A series of images that look like yellow lumps on a line are the first-ever images of the area around the wellbore where fractures have been propped open using specially coated proppant stimulated by electromagnetic (EM) energy. The images created by Carbo Ceramics could represent a milestone on the journey to find an answer to a critical question facing unconventional producers—how much rock is being stimulated and propped with grains of sand or ceramic for maximum production?
Four groups of researchers are seeking a direct way to visualize what is left behind after fracturing. Three of the projects involve getting images by using proppant specially treated to be visible when stimulated by EM energy.
Microseismic images currently used in the industry to show fracturing results are based on the popping sounds of rocks rubbing against each other, like fingers snapping, but not the quiet, productive work of opening fractures and pumping in proppant to ensure they stay open.
“Microseismic doesn’t really tell us where the proppant has gone. It shows where failure events are occurring,” said Mukul Sharma, a petroleum engineering professor at the University of Texas (UT) at Austin. He heads the Hydraulic Fracturing and Sand Control Joint Industry Project (UT Fracturing JIP) at UT, which is leading one of the projects mentioned earlier. “What matters is where the proppant is. In many rocks, the propped part of the fracture is the primary contributor to well productivity. That is the main advantage of electromagnetic (visualization) over microseismic.”
Imaging the area that has propped fractures is a starting point for multiple investigations into how to efficiently extract more than 10% of the oil in unconventional plays. It can define the length and height of propped fractures, offer more accurate measures of the productive rock for modeling, and tell engineers how to space wells to effectively stimulate the reservoir without hitting nearby wells.
A fourth project for visualizing fracturing is aimed at adding proppant location information to microseismic imaging by pumping in tiny sound emitters, which produce a distinct noise when the microdevices are lodged in a fracture.
Depressed oil and gas prices, which have made most unconventional development unprofitable, add pressure to find tools to understand why so many fractures are not productive. Bj?rn Paulsson, chief executive officer of Paulsson Inc., which is developing the in-well receivers, pointed out that “80% of production comes from 20% of fractures, wasting a vast majority of the fracturing cost.”
Electromagnetic Testing
The microseismic approach is aimed at creating a 3D array showing points where proppant is present, but it will be years before the partners on that project have built the equipment needed for its first test. EM-based methods are already being tried in the ground.

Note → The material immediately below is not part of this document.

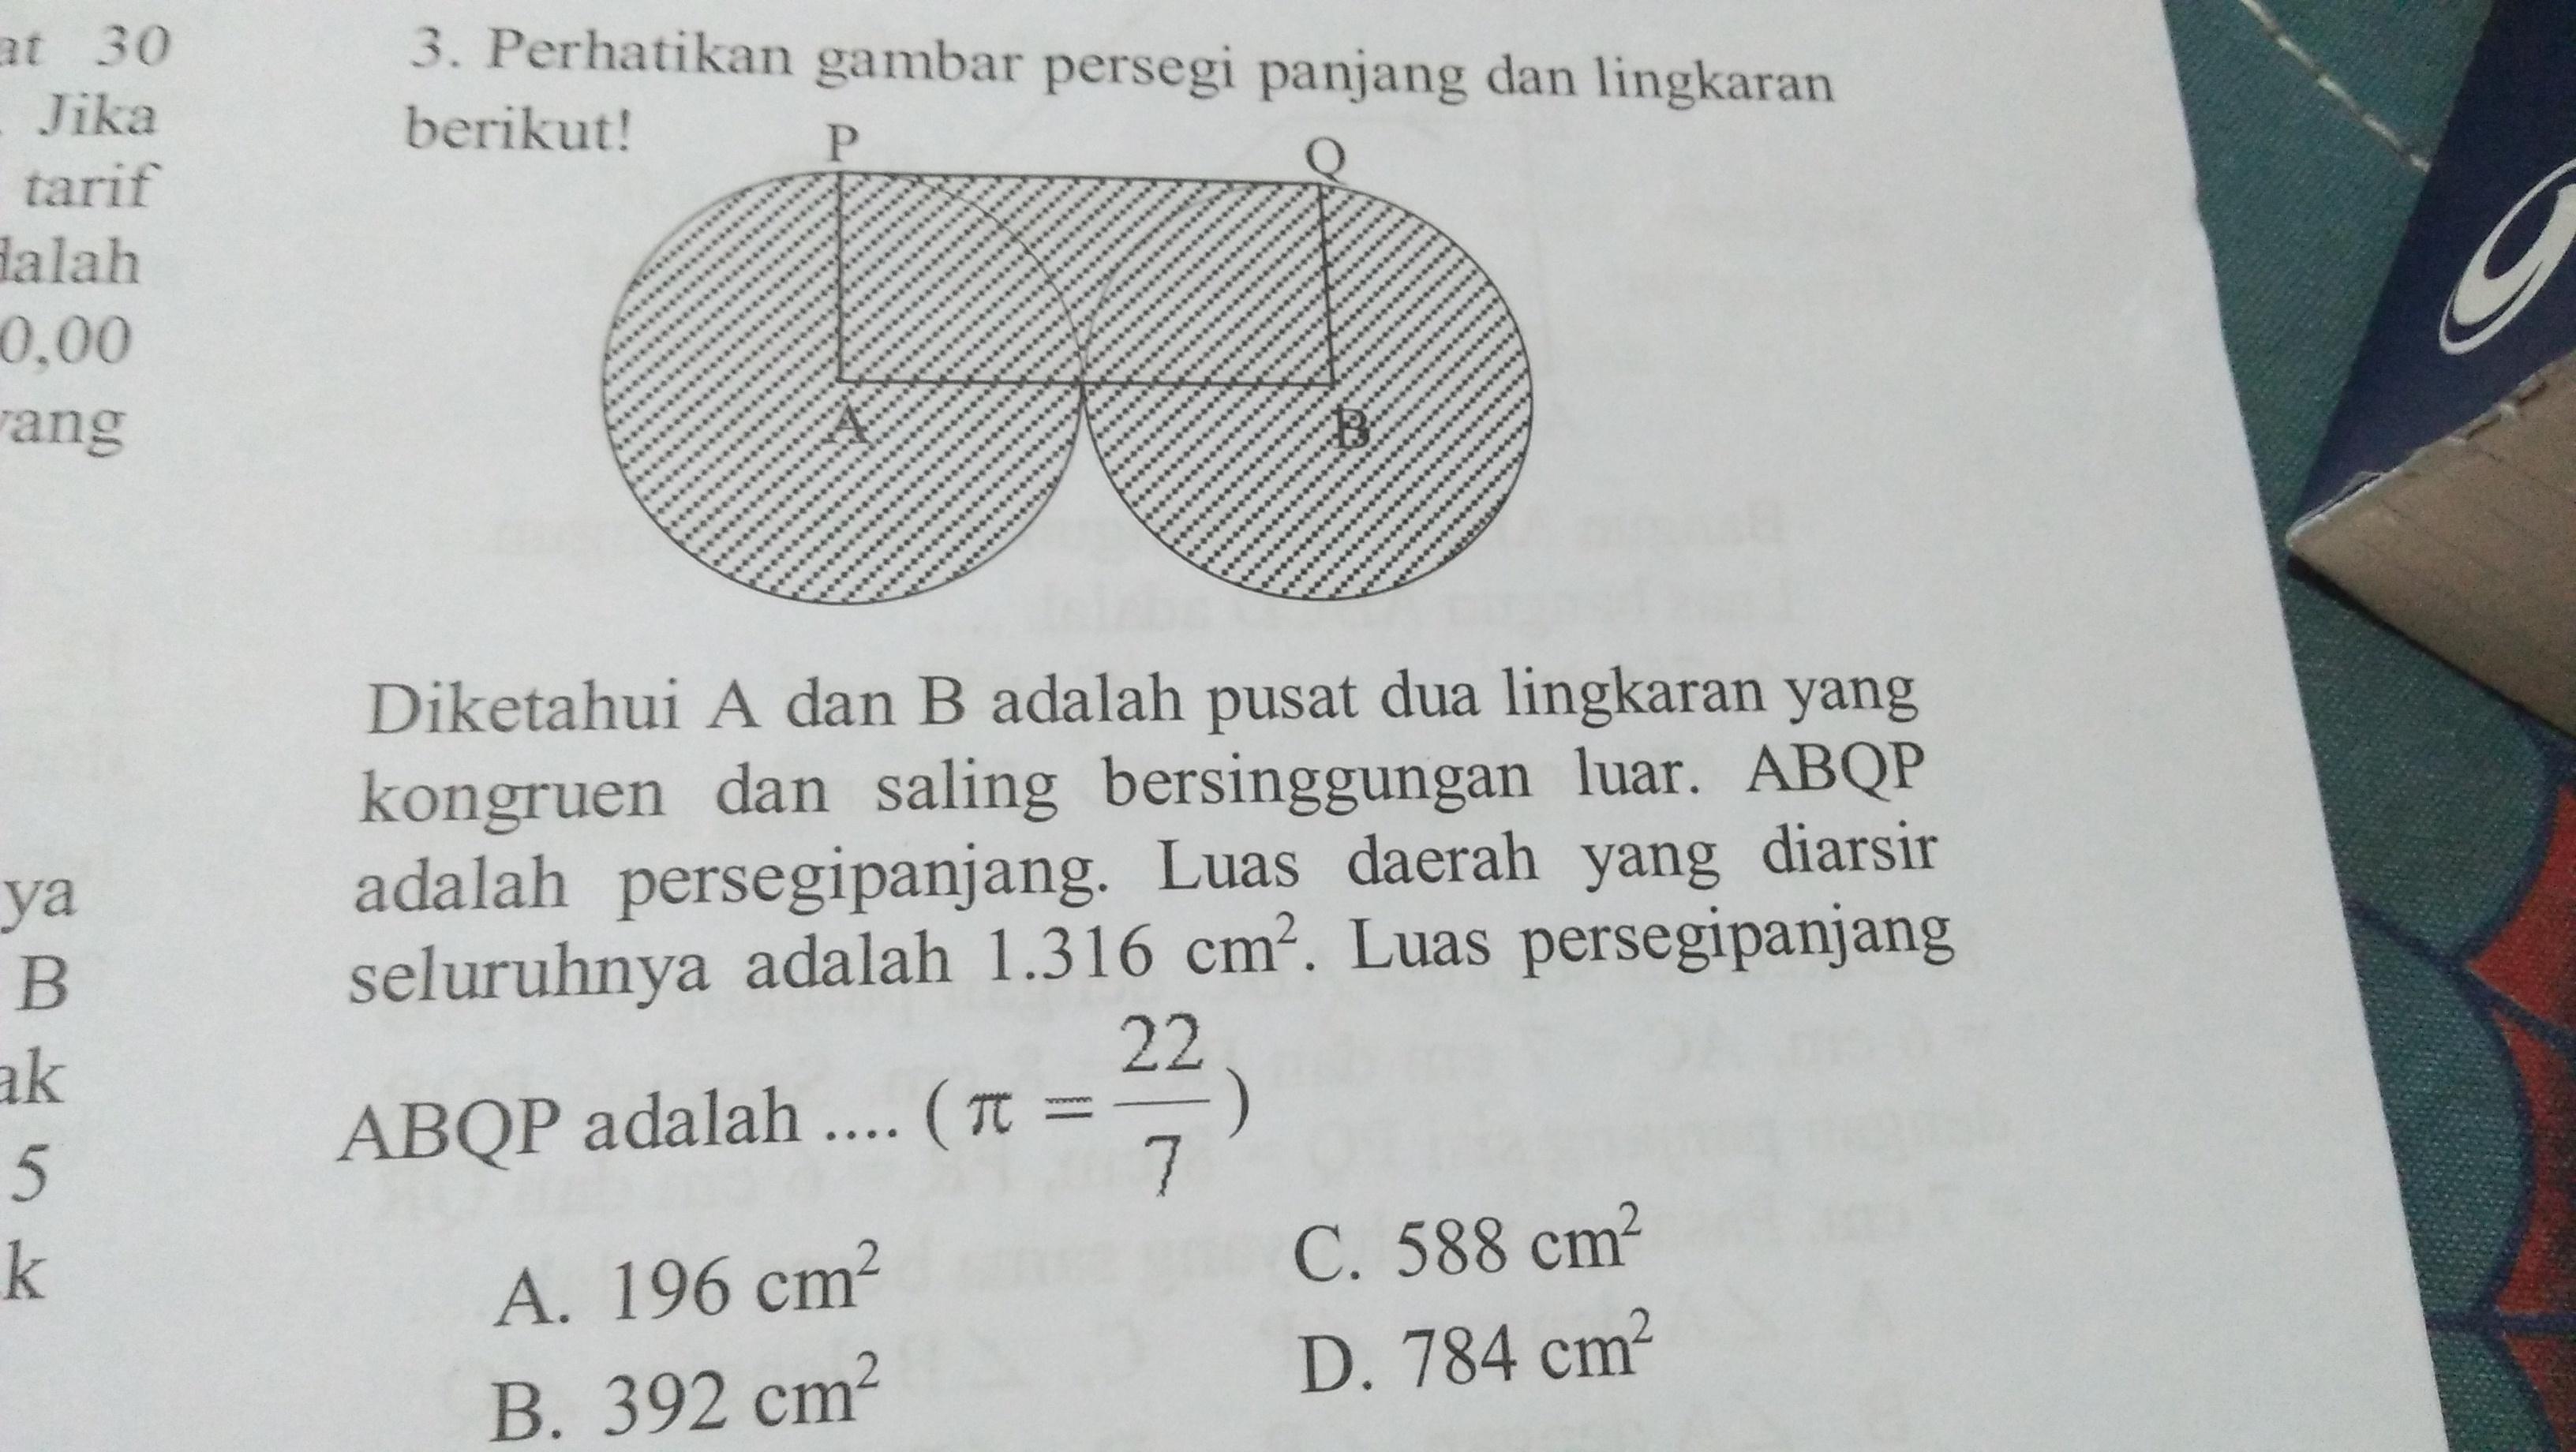 Diketahui a dan b adalah pusat dua lingkaran yang kongruen dan 2018 08 20 03 46 01 Unduh Iklan

A technical paper by Palisch et al. (SPE 179161) presented at the 2016 SPE Hydraulic Fracturing Technology Conference was a first look at what is possible in a producing well. The imaging involved using 230,000 lb of proppant covered with an electrically conductive coating, which made it visible when stimulated by electromagnetic energy from the well casing in an 8,000-ft deep well.
Multiple new technologies were required for this method, including development of the conductive coating, a transmission method to send out a strong EM field using the steel casing, and new algorithms for processing.
In January, Carbo was still working though the large body of data gathered to reduce the noise in hopes of improving the image. After the injection of the 180,000 lb of white sand, 230,000 lb of treated ceramic proppant was injected through four perforations in the last stage fractured. One unknown is what the propped area would have looked like if all the proppant had been conductive.
The company has been refining its image-processing method to sharpen the resolution from 25-m grid blocks to a fraction of that measure. Over the next year, the largest maker of ceramic proppant will be doing more well tests. It is seeking to expand the number of stages covered, and to significantly reduce the cost and effort required for testing.
Those working on EM proppant imaging methods need to convince skeptical reservoir engineers that these images created using methods based on esoteric physics and mathematics represent reality in the ground.
A priority for the EM proppant imaging project put together by the Advanced Energy Consortium (AEC) is gathering physical evidence to see if its models provide “useful information of the extent and basic properties of fractures,” which can be relied on, said Douglas La Brecque, chief scientist for Multi-Phase Technologies. The company is providing the EM technology for the effort by the AEC, which is part of the Bureau of Economic Geology at UT. The project also involves other universities and institutions (SPE 179170).
While there is value in knowing the height and length of the propped fractures—frequently measures of fracture lengths are too high, leading to exaggerated production estimates—there is a limit to what operators will pay and how much time and effort they will commit to answering these questions.
The US Department of Energy summed those limits up in a statement of goals for its proppant imaging research when it said it is seeking a new method that “will have a very significant impact on fracture diagnostics, as it is cheap, repeatable, and fairly simple to run.”
At this early stage, the cost of EM proppant imaging is comparable to another widely used diagnostic test: collecting and analyzing core samples. Palisch said the next step is to reduce the cost so that it is comparable to microseismic, and reduce it from there.
“Ultimately, I would like the price of EM proppant detection to be like logging, which is low enough to be done on nearly every well, ” he said.